Besides I just had an orgasm.... no I don't think so
That bike is crazy Dam! I wish I could have one of those
How much did it cost and where from is that company... Fusion never heard from it


----------



## austinb89 (Nov 6, 2004)

give it some doubltracks and im sold


----------



## hball (May 22, 2004)

mtbgiovanny said:


> Besides I just had an orgasm.... no I don't think so
> That bike is crazy Dam! I wish I could have one of those
> How much did it cost and where from is that company... Fusion never heard from it


fusion bikes (http://www.fusionbikes.de) is a germany company. the frames are all build in germany.

this frame has 8" of travel is about 2400euro / $3150.


----------



## k-stein (Jan 5, 2005)

sehr, sehr schön. Ive seen a couple Fusion Freaks on the trails but that thing looks real nice. How does it handle?


----------



## euroford (Sep 10, 2006)

okay, that has got to be one of the best looking frames i've seen in a long while.


----------



## hball (May 22, 2004)

k-stein said:


> sehr, sehr schön.
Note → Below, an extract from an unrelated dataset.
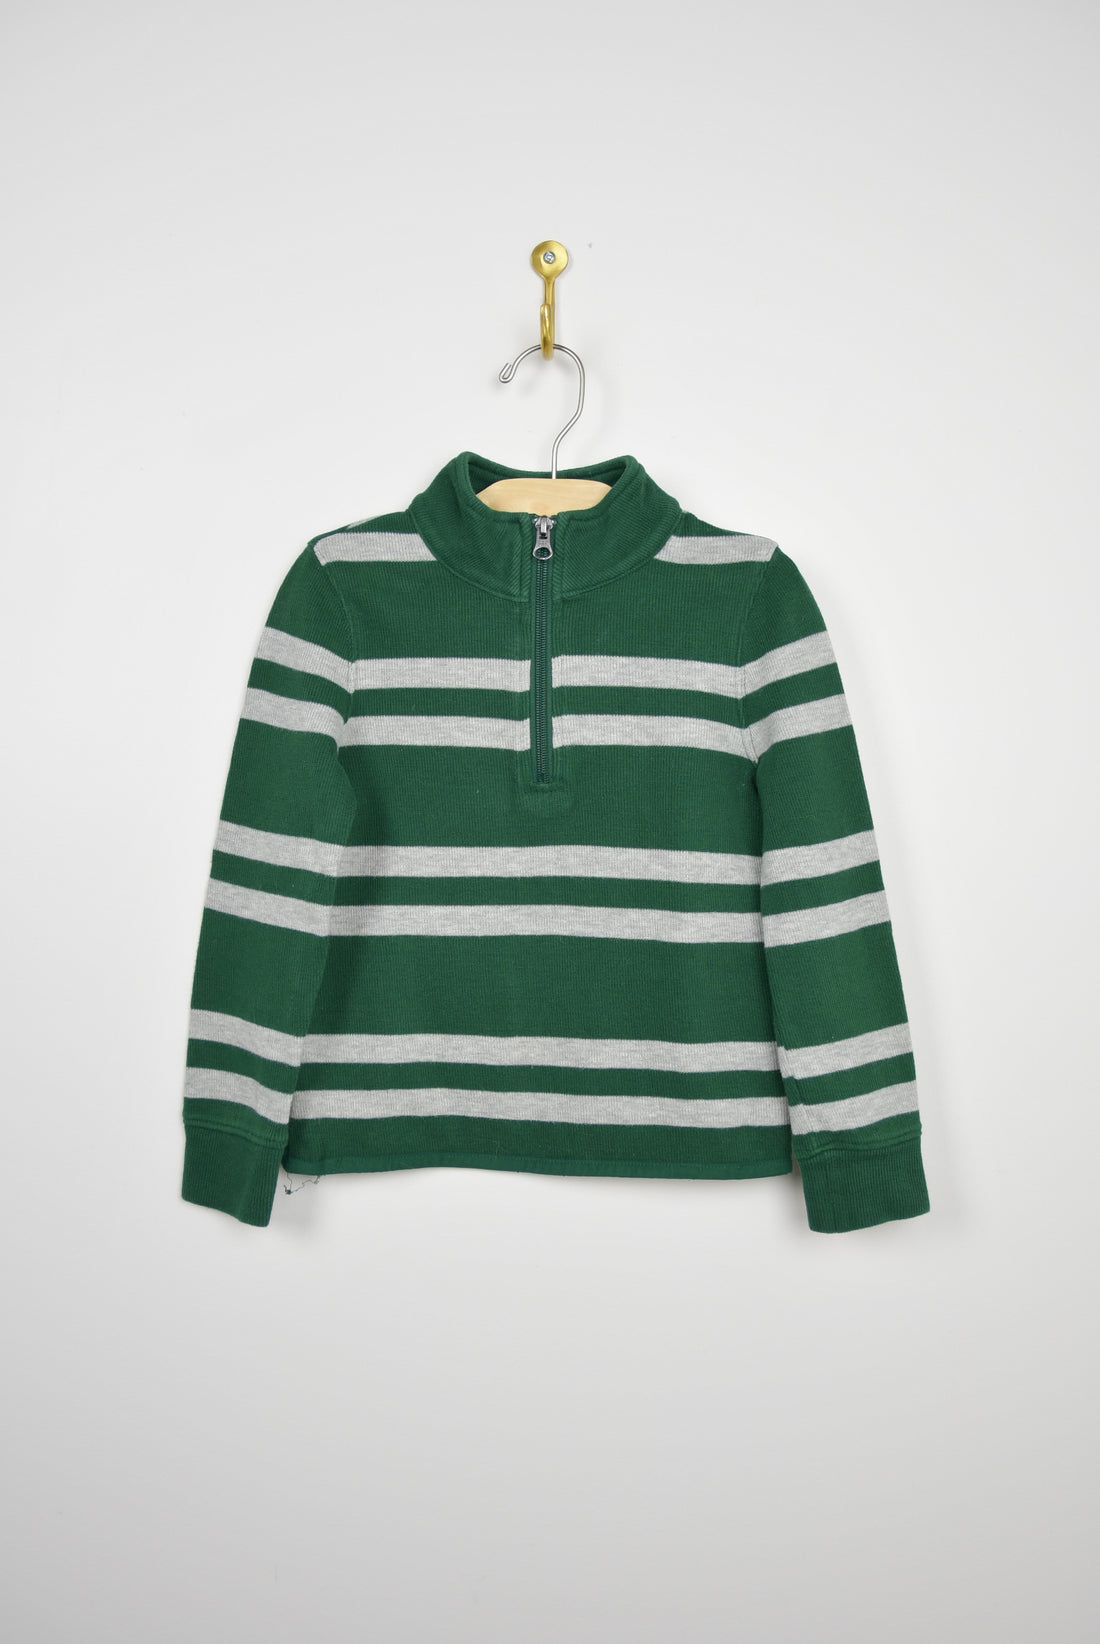 Gap Gap Knit Striped Sweater - 4-5T

Ive seen a couple Fusion Freaks on the trails but that thing looks real nice. How does it handle?


actually it is not my bike, but i have been riding one many times. i just wanted to show you guys a good looking frame! 
i have the comparison to the spec demo 9. the fusion is more agile but also very stable at the highspeed stuff (rocky section, roots, bumps....). it can handle drops as good as any other highclass bigbike, but i am not doing big drops.
the fusion suspension design, called float link, allows you to use shocks without propedal or spv. the fox shox they use are customized so they do have less propedal.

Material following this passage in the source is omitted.